Подготовленный для священства в Риме, Святой Патрик изначально был кельтским христианином из Британии; он принес с собой в католическое духовенство понимание того, что кельтские народы стремятся к их собственной богине. Согласно одной истории, когда в своих новых римских одеждах он высадился на ирландском побережье, то обнаружил, что ирландцы поклоняются образу Дану, матери богов. Патрик, обладающий даром убеждения, вскоре внушил им, что матерью богов на самом деле была Мария, мать Бога. Всегда заискивающие ирландцы вежливо согласились называть Богиню Марией и стали ей поклоняться. Ирландия и по сей день является страной, в центре которой находится Мария, а не Иисус, как и у оставшихся кельтских народов по всей католической Европе.

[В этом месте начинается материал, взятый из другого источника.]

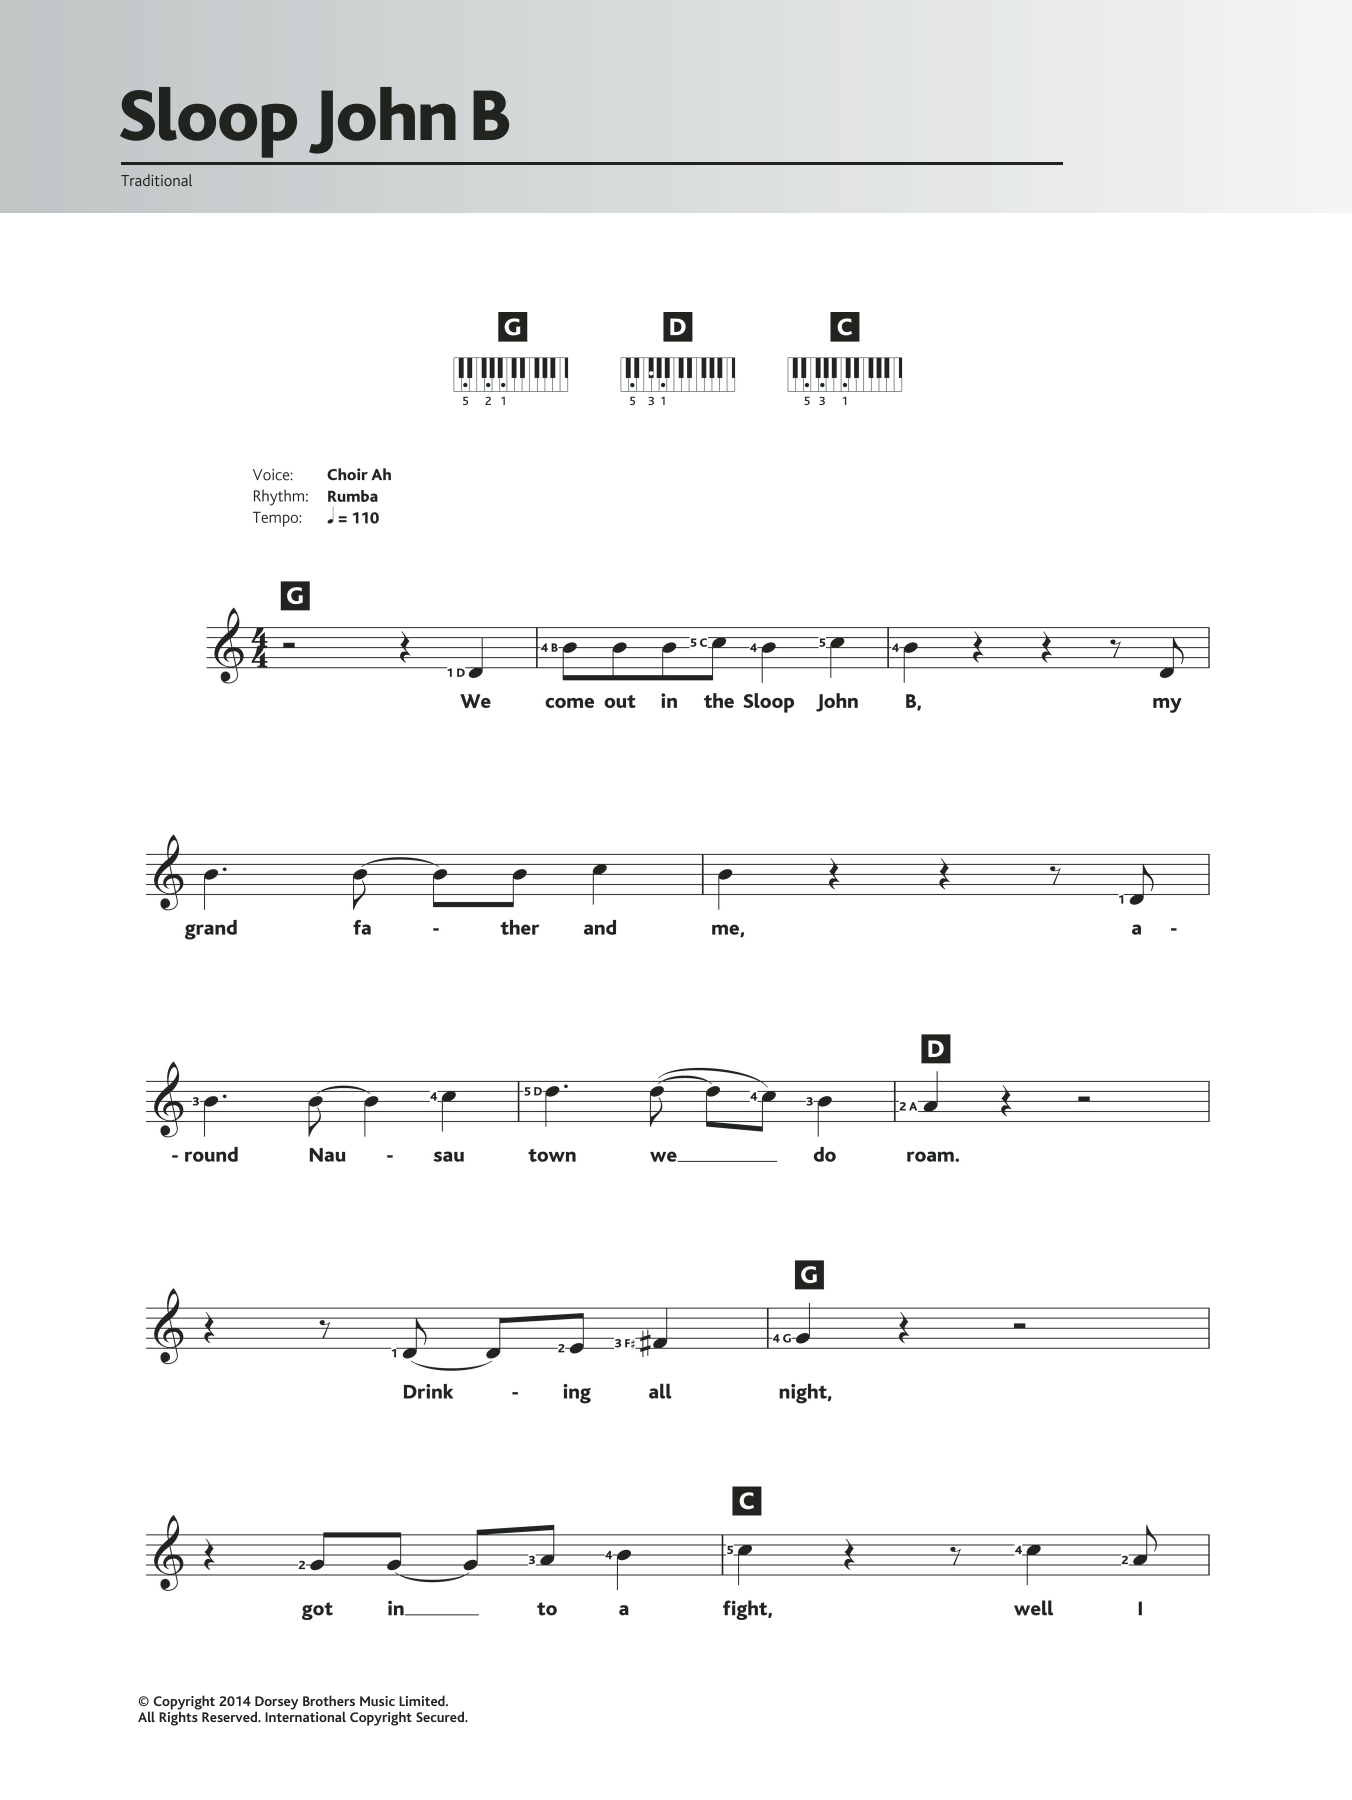 Traditional Sloop John B. Sheet Music Notes & Chords for Ukulele with strumming patterns - Download or Print PDF

«В Ирландии, — пишет Грейвс, — христианство было введено красноречивыми и тактичными миссионерами, а не мечом, как везде; поэтому друиды приняли Иисуса и Его Мать как дополняющих, а не дискредитирующих их древнее богословие. Ирландские епископы, которые назначались сначала королями, а не папами, должны были петь низко, и они справлялись с этим. Они христианизировали Богиню как святую Бригитту, покровительницу поэтов, и ее незапамятный алтарный огонь в Кинсейле еще горел при Генрихе VIII».[3]
Величайшей соперницей Христа во всей Римской империи, как пишет Э. О. Джеймс, была Великая Богиня, «Богиня со многими именами, но одной личностью». И именно открытие Патрика, что язычники примут Христа, если у них будет Мария, изменило официальную политику церкви в ее отношении. Константин приказал разрушить все храмы Богини по всей империи и строго запретил поклонение Марии, «опасаясь, что поклонение Ей затмит Ее Сына».[4] Тем не менее, несмотря на авторитет церкви, последний уцелевший храм Богини простоял до 560 года.[5]

Может ли Вечный быть женщиной?
«Как объяснить победу христианства над прекрасным греческим пантеоном?» — спрашивает Джейн Харрисон. Она находит ответ в одной разрушительной детали классических гомеровских богов и богинь. «Они слишком красивы, слишком искусственны, чтобы быть естественным следствием стремления людей к бессмертию.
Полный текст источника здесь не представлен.